A user has requested the attention of the operator. Once the operator has seen this message and replied, please deactivate this tag. (user notified) Have you had a chance to follow up and decided how/if the scope of this should be updated? — xaosflux ^Talk 22:00, 19 February 2018 (UTC)[reply]

Request Expired. — xaosflux ^Talk 12:09, 28 February 2018 (UTC)[reply]

@Xaosflux: Whoops, I just saw this in my watchlist now. It appears as if AnomieBOT only notified me the first time the {{OperatorAssitanceNeeded}} template was invoked and didn't do it the second time around on February 19 (I didn't notice a comment was made because it was probably buried in my watchlist). It seems that the bot may have skipped notifying me a second time because I had an old notification from the bot from the same BRFA on my talk page on February 19. In any case, the task of determining which articles are PD and which aren't is a bit above my coding ability and doesn't exactly fit within KolbertBot's current scope of HTTP->HTTPS and preventing linkrot. Jon Kolbert (talk) 16:26, 28 February 2018 (UTC)[reply]

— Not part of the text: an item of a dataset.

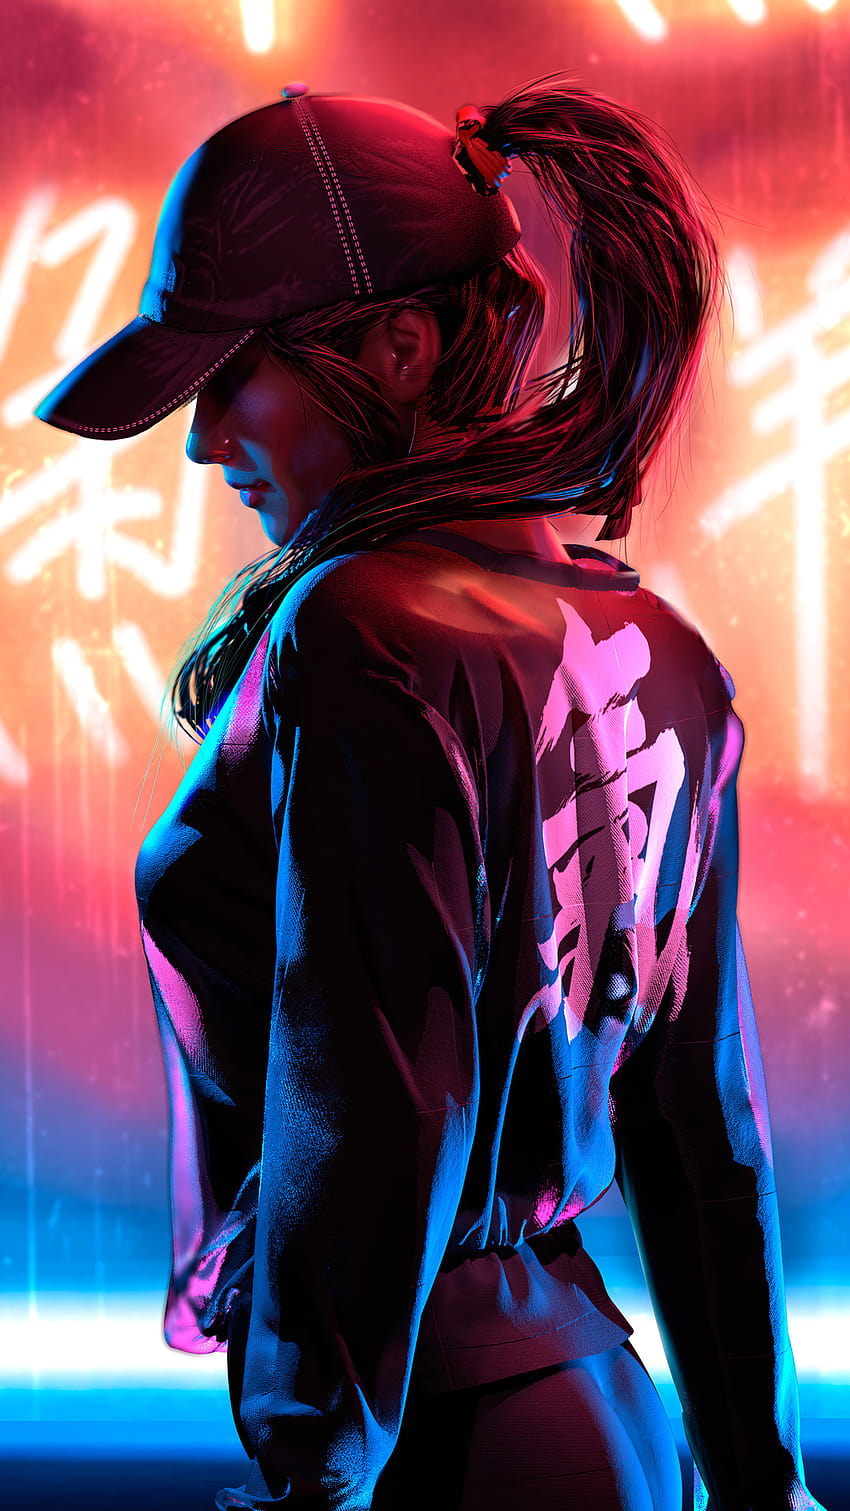 1080x1920 Hat Neon Girl Iphone 7,6s,6 Plus, Pixel xl ,One Plus 3,3t,5 , Backgrounds, and, iphone girl HD phone wallpaper

@Jon Kolbert: no worries - please keep in mind, having an expired request isn't a negative - you may always present this task again (though please include it in the list of prior discussions). Best regards, — xaosflux ^Talk 16:29, 28 February 2018 (UTC)[reply]

The above discussion is preserved as an archive of the debate. Please do not modify it. To request review of this BRFA, please start a new section at WT:BRFA.